> EXERCISE
Each and every line below goes into your answer unchanged, but leave out the images.

> GIVEN INFORMATION
========

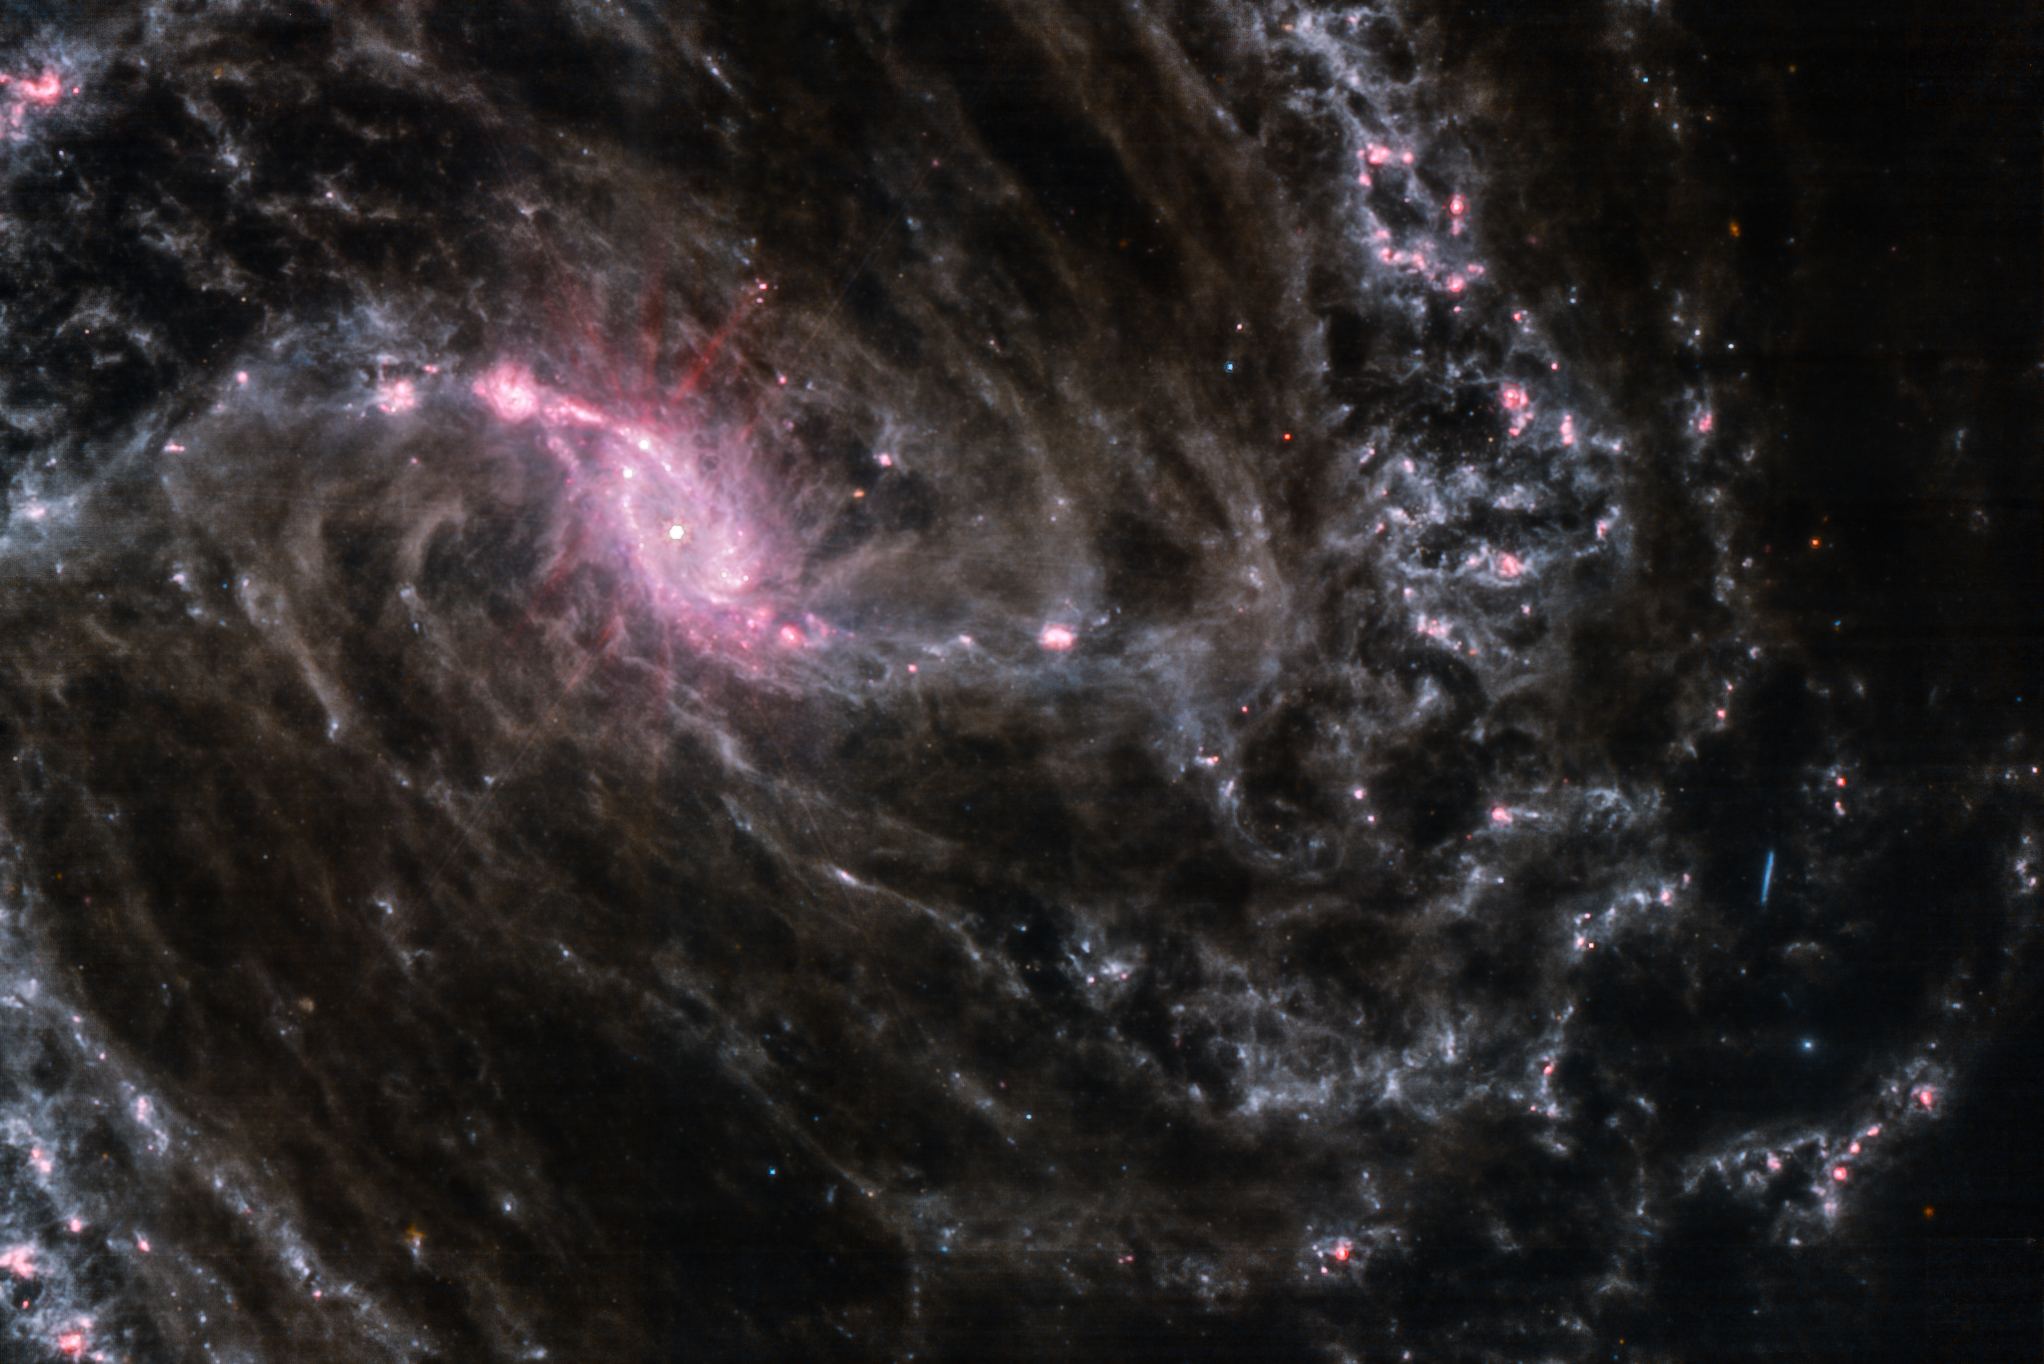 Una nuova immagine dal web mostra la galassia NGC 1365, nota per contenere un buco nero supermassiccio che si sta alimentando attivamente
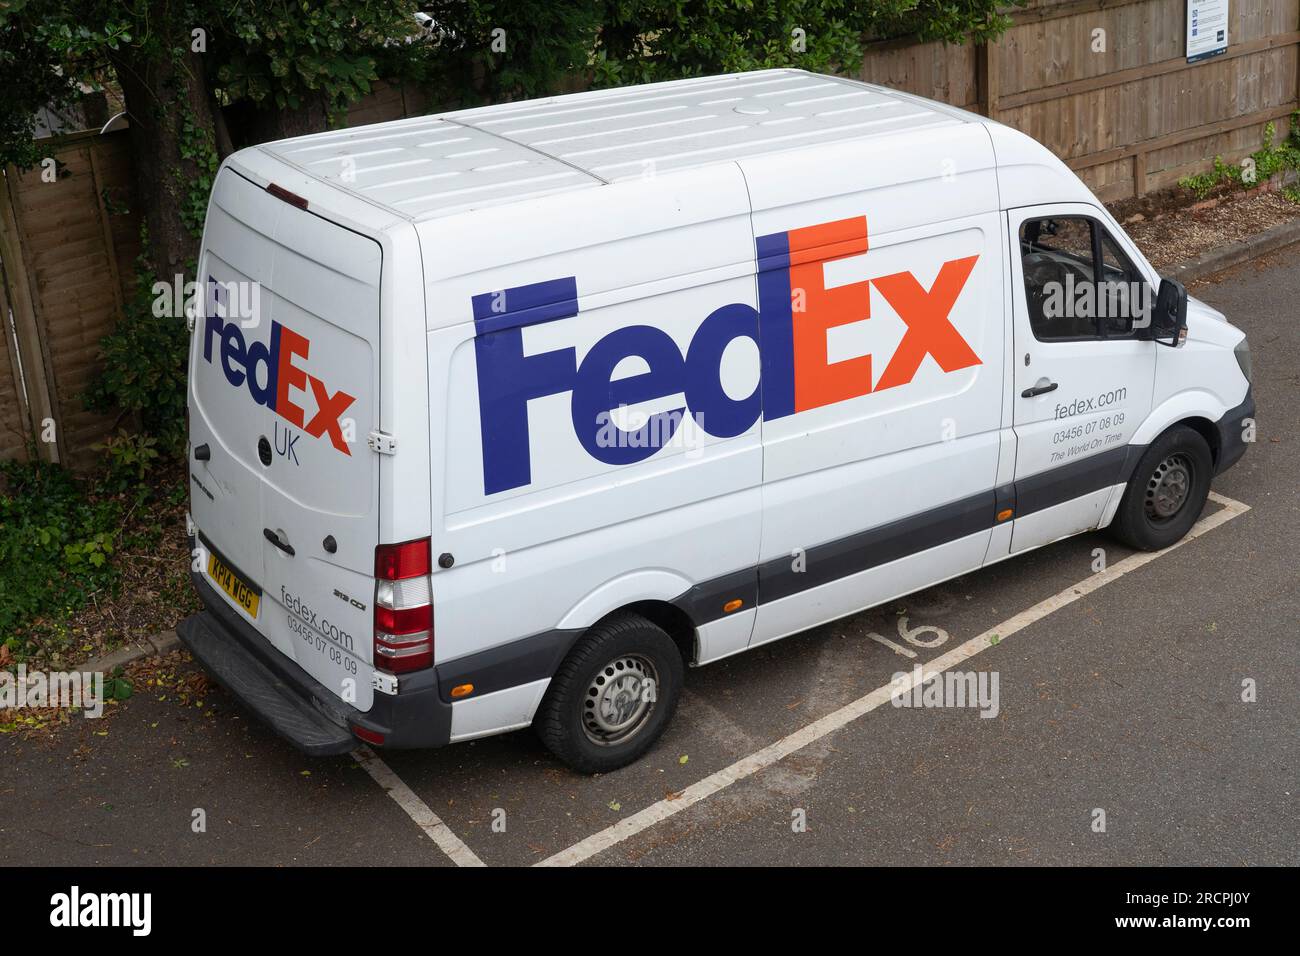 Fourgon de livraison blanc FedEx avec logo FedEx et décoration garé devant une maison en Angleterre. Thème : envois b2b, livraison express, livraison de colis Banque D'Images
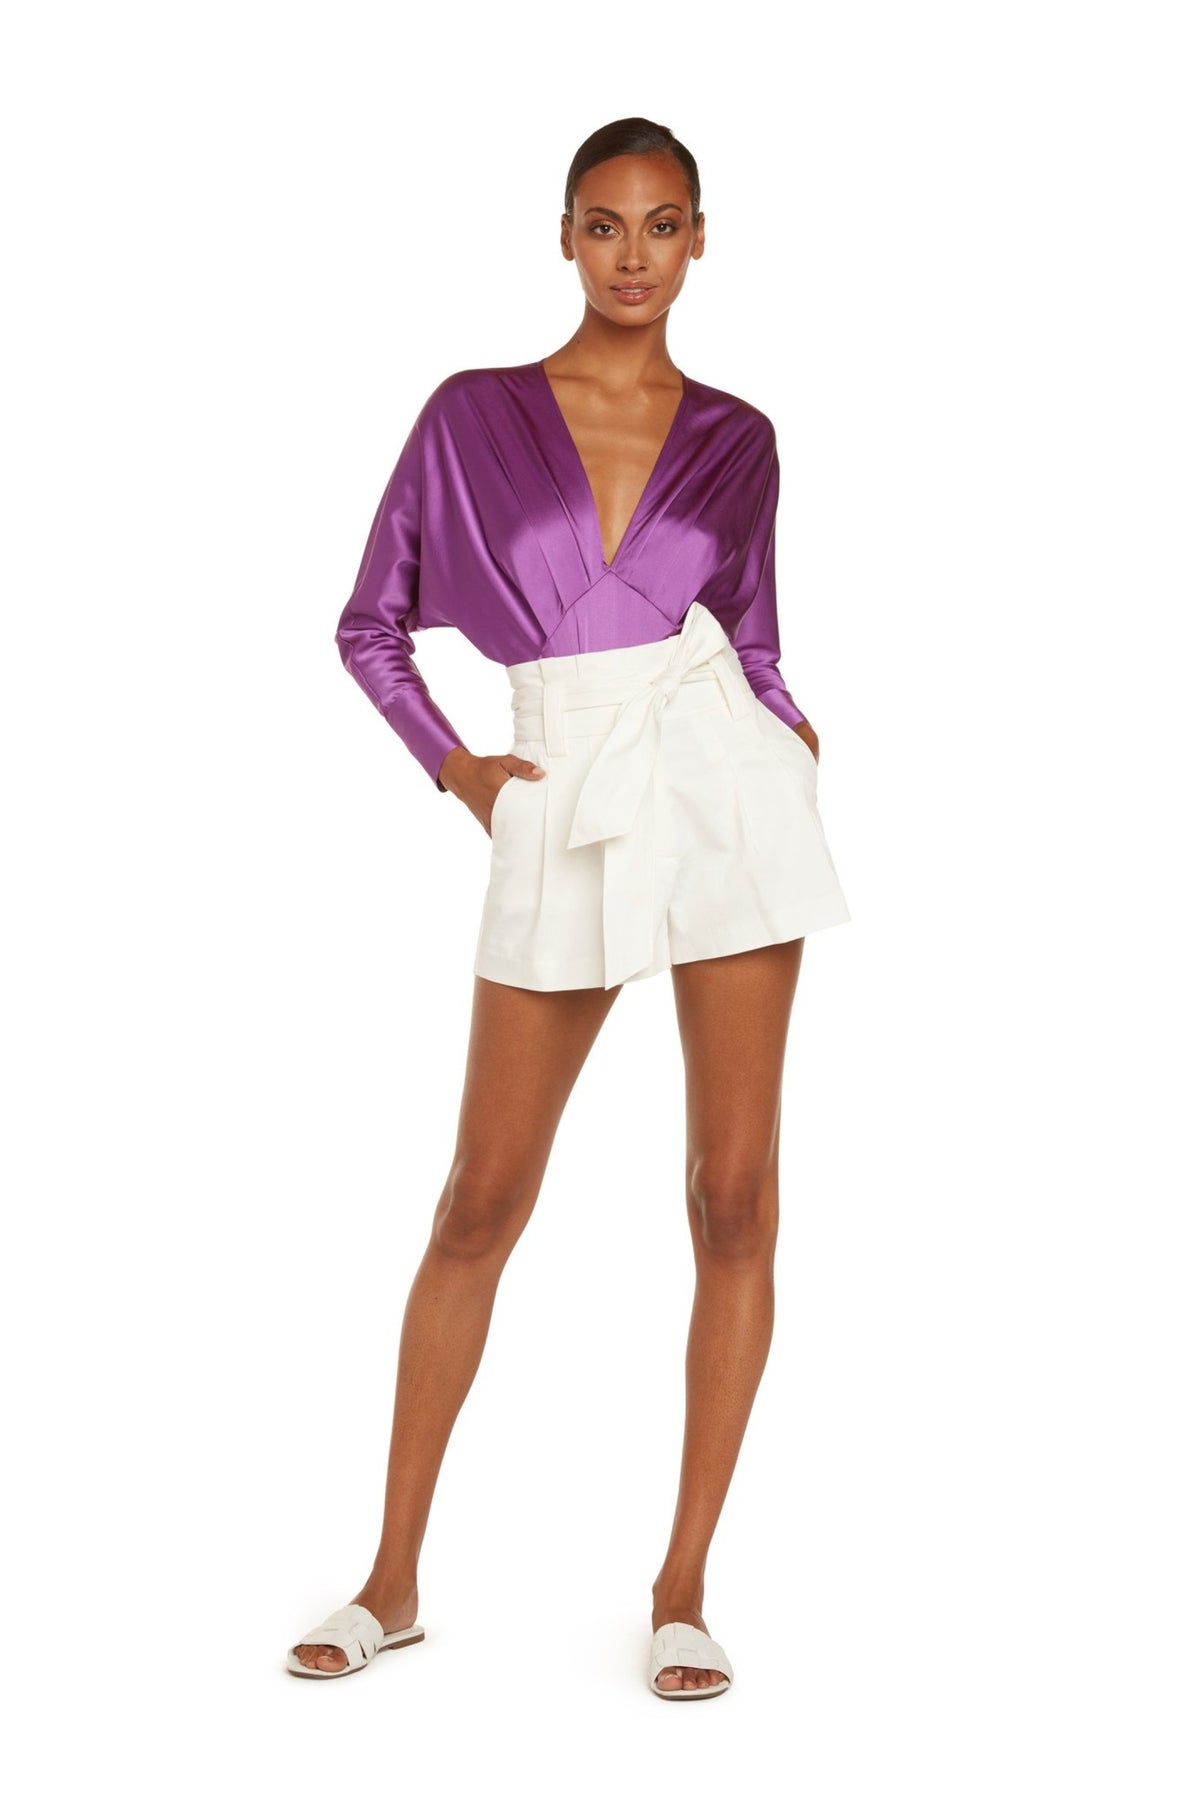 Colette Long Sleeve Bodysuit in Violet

========

> SOLUTION FOR THIS TASK
 Una nuova immagine dal web mostra la galassia NGC 1365, nota per contenere un buco nero supermassiccio che si sta alimentando attivamente
 Fourgon de livraison blanc FedEx avec logo FedEx et décoration garé devant une maison en Angleterre. Thème : envois b2b, livraison express, livraison de colis Banque D'Images
 Colette Long Sleeve Bodysuit in Violet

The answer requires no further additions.